:: WHAT YOU SHOULD DO ::
The copy you give must match the listing below exactly and contain no pictures.

:: AVAILABLE DATA ::
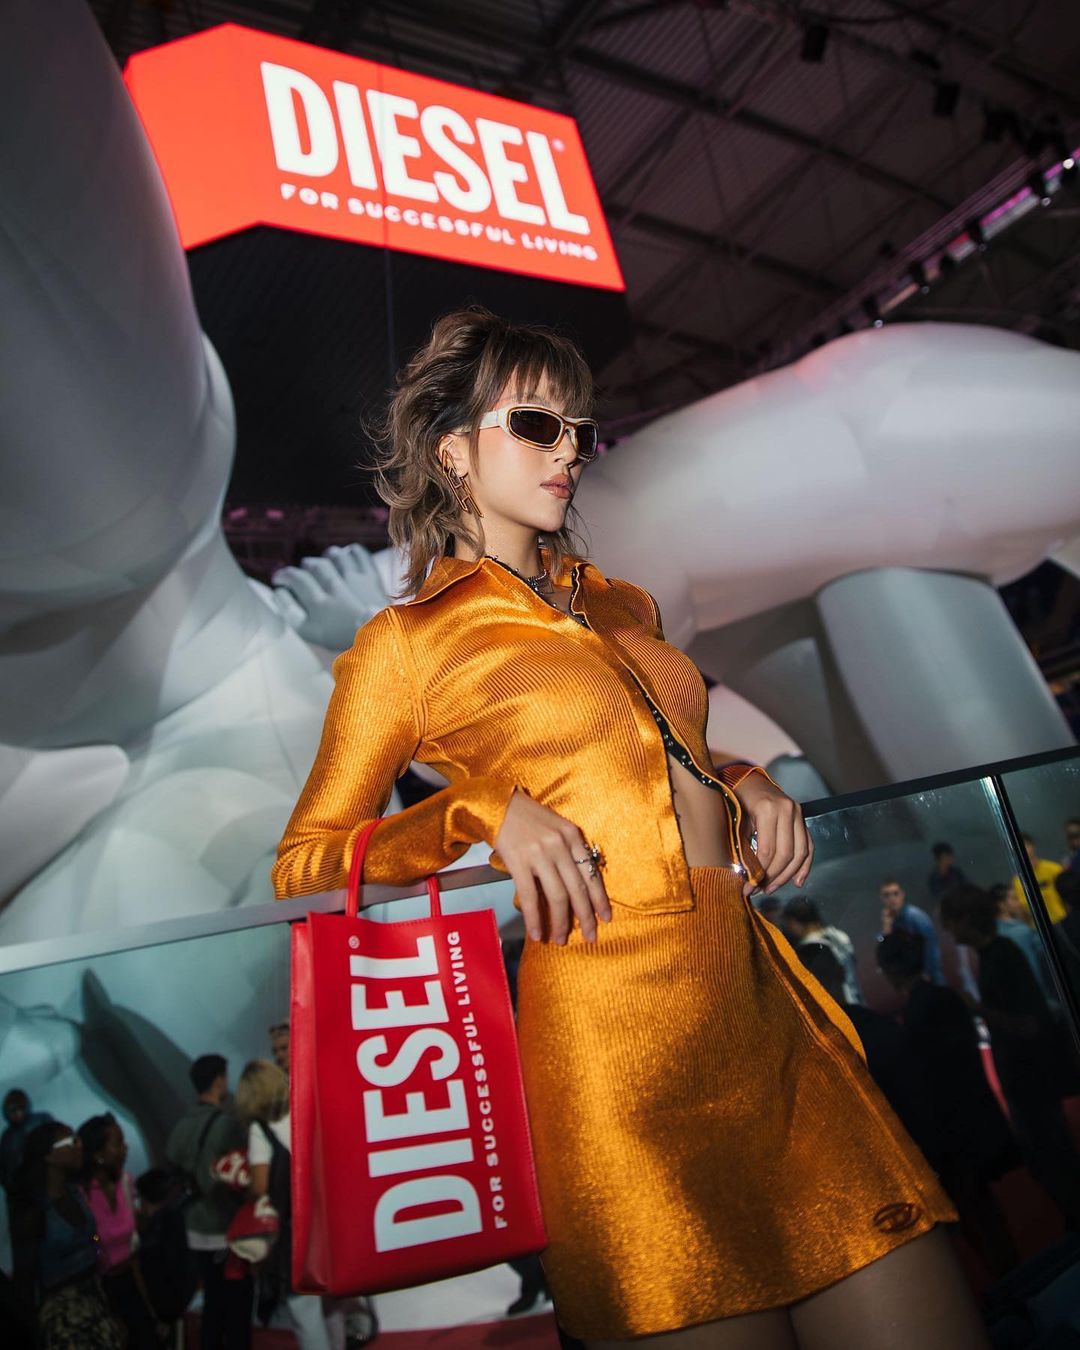 fashionista quỳnh anh shyn tại show diễn diesel
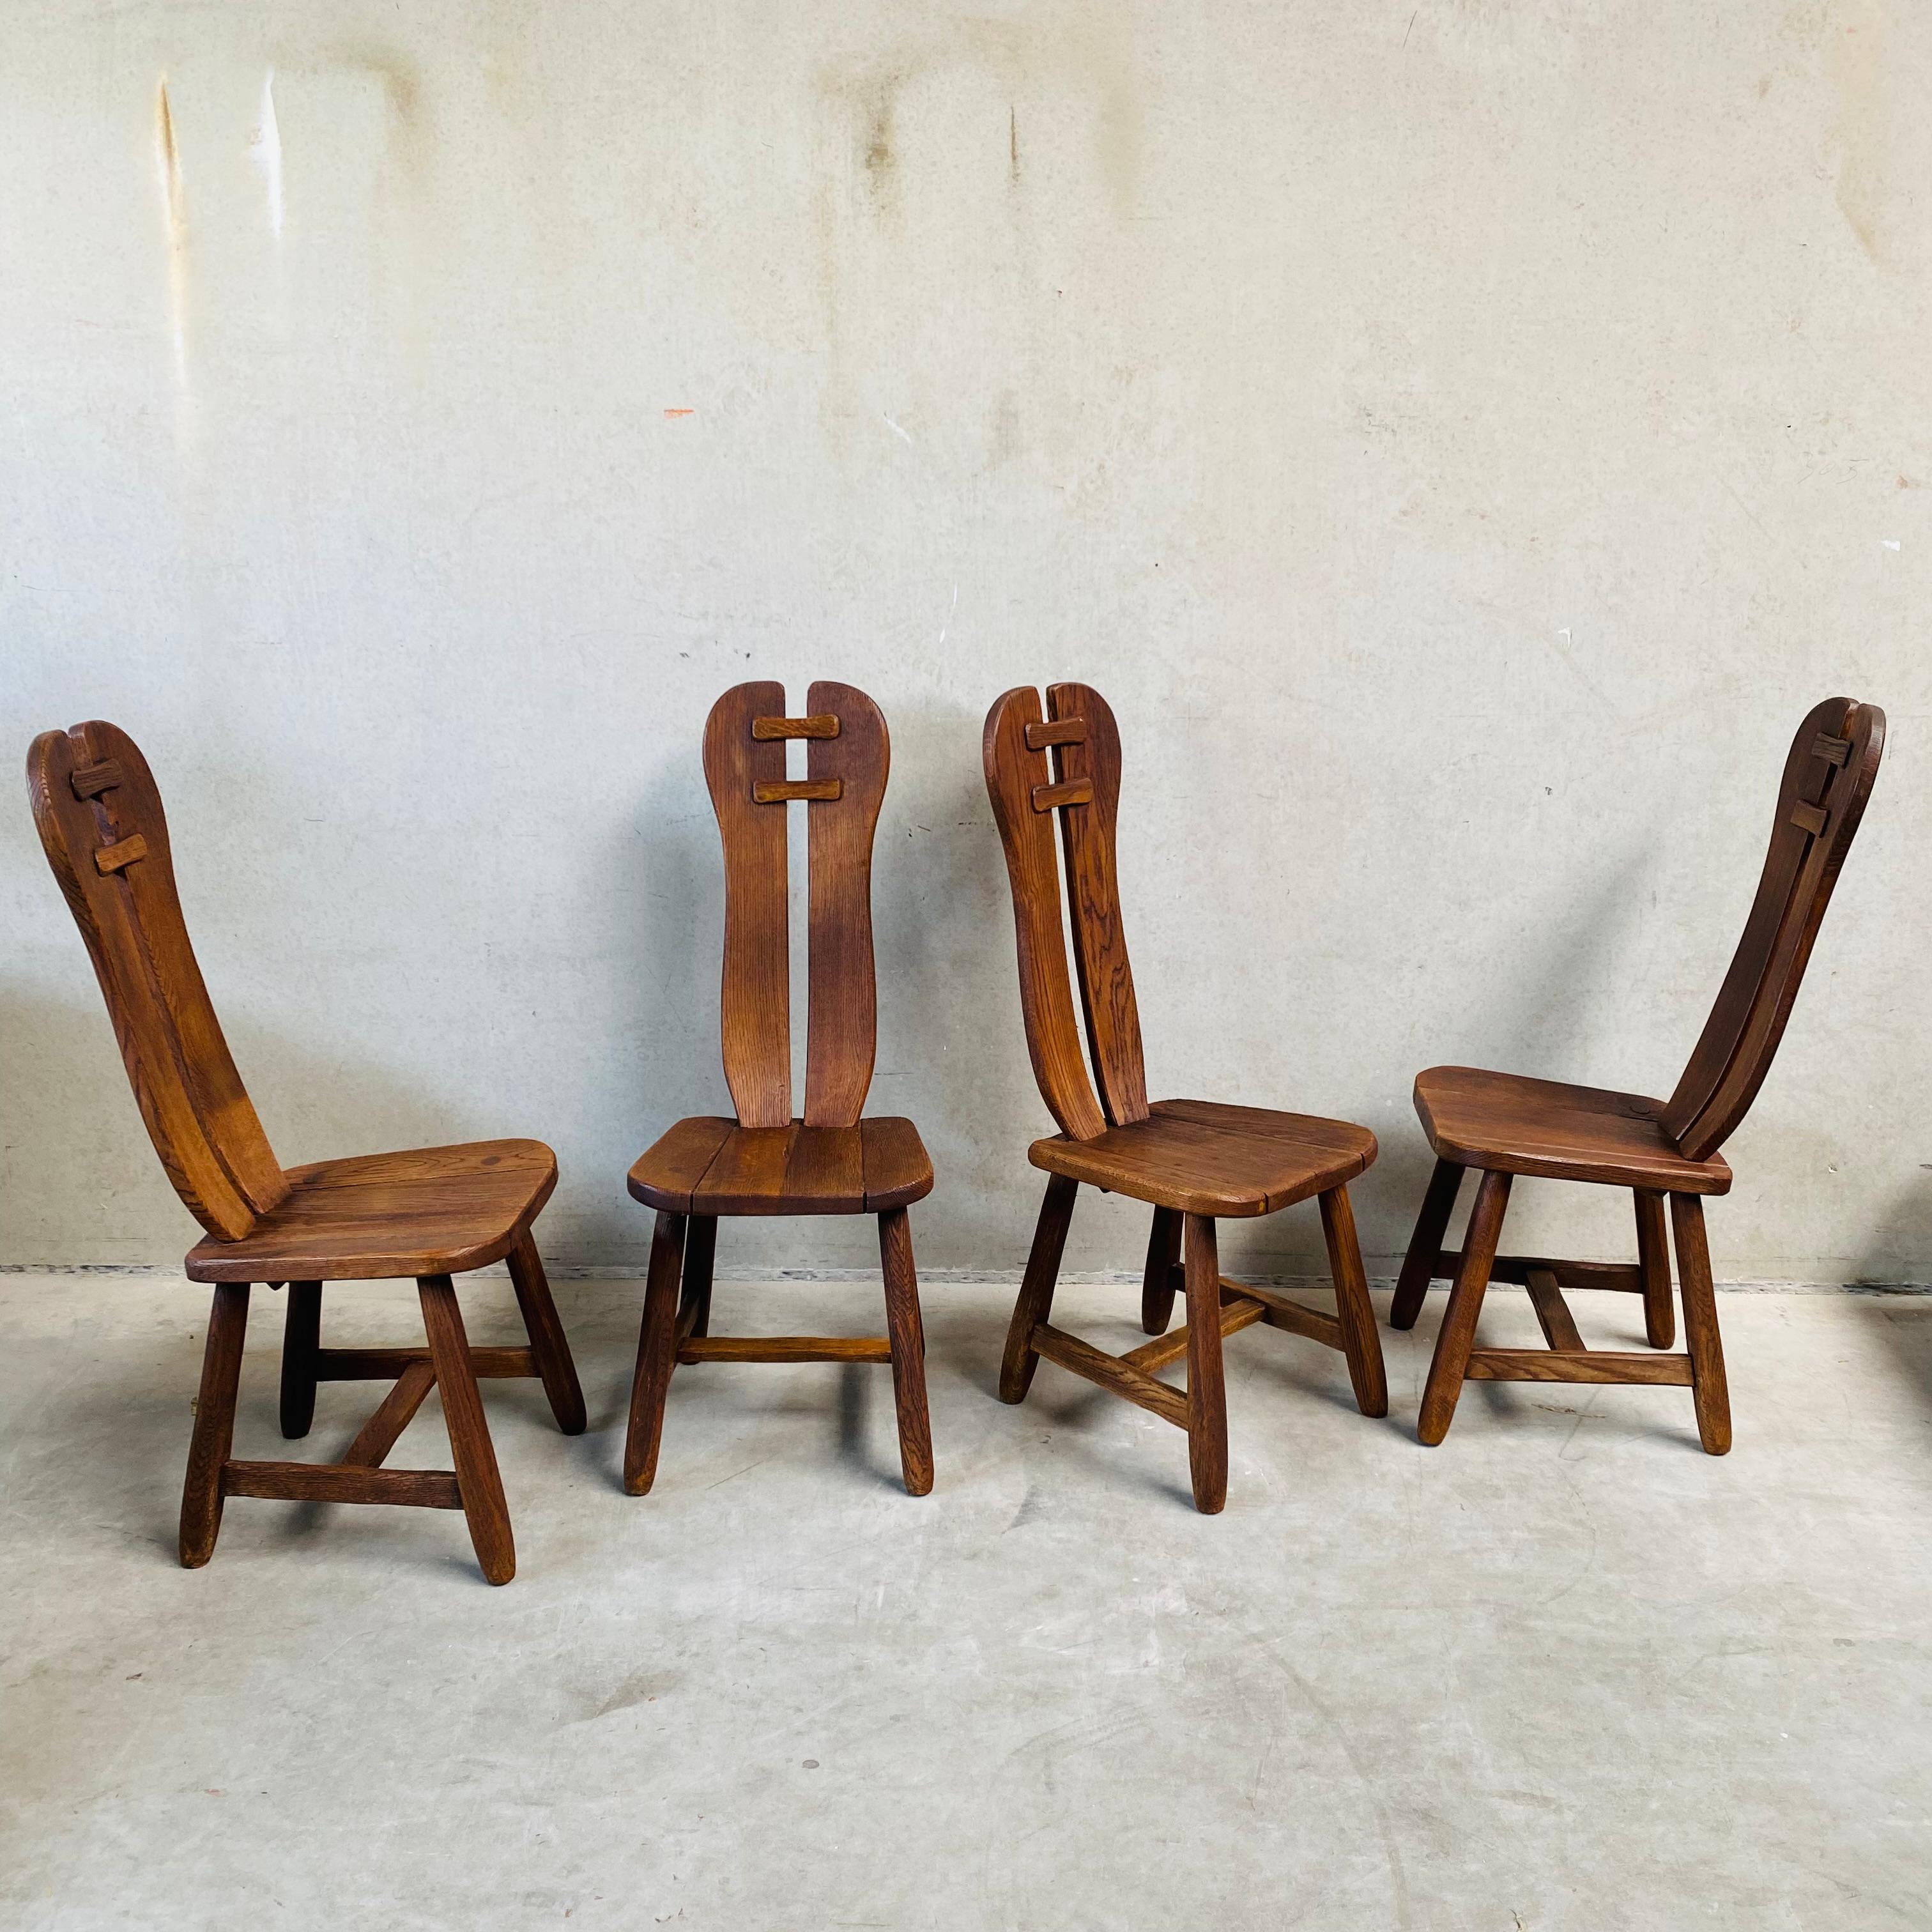 Sind Sie auf der Suche nach einzigartigen und stilvollen Esszimmerstühlen, die Ihrem Zuhause Charakter verleihen? Die brutalistischen Art Dining Chairs aus massivem Eichenholz von Kunstmeubelen De Puydt wurden in den 1970er Jahren in Belgien
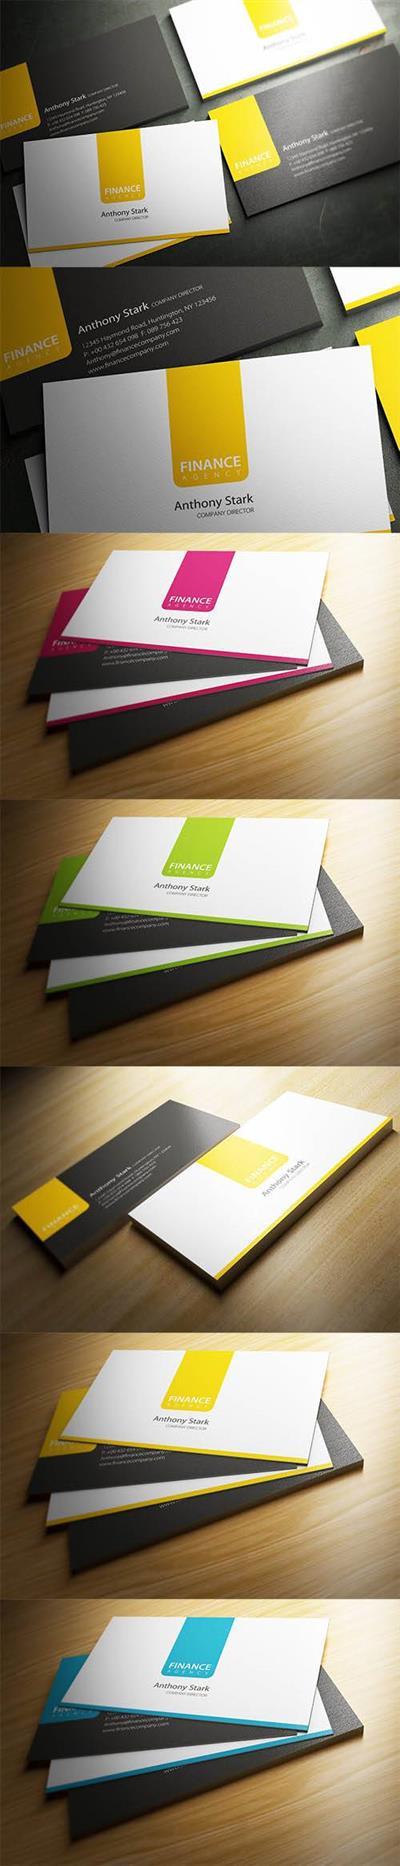 Corporate Business Card Design PSD

:: ANSWER FOR THE TASK ::
 fashionista quỳnh anh shyn tại show diễn diesel
 Sind Sie auf der Suche nach einzigartigen und stilvollen Esszimmerstühlen, die Ihrem Zuhause Charakter verleihen? Die brutalistischen Art Dining Chairs aus massivem Eichenholz von Kunstmeubelen De Puydt wurden in den 1970er Jahren in Belgien
 Corporate Business Card Design PSD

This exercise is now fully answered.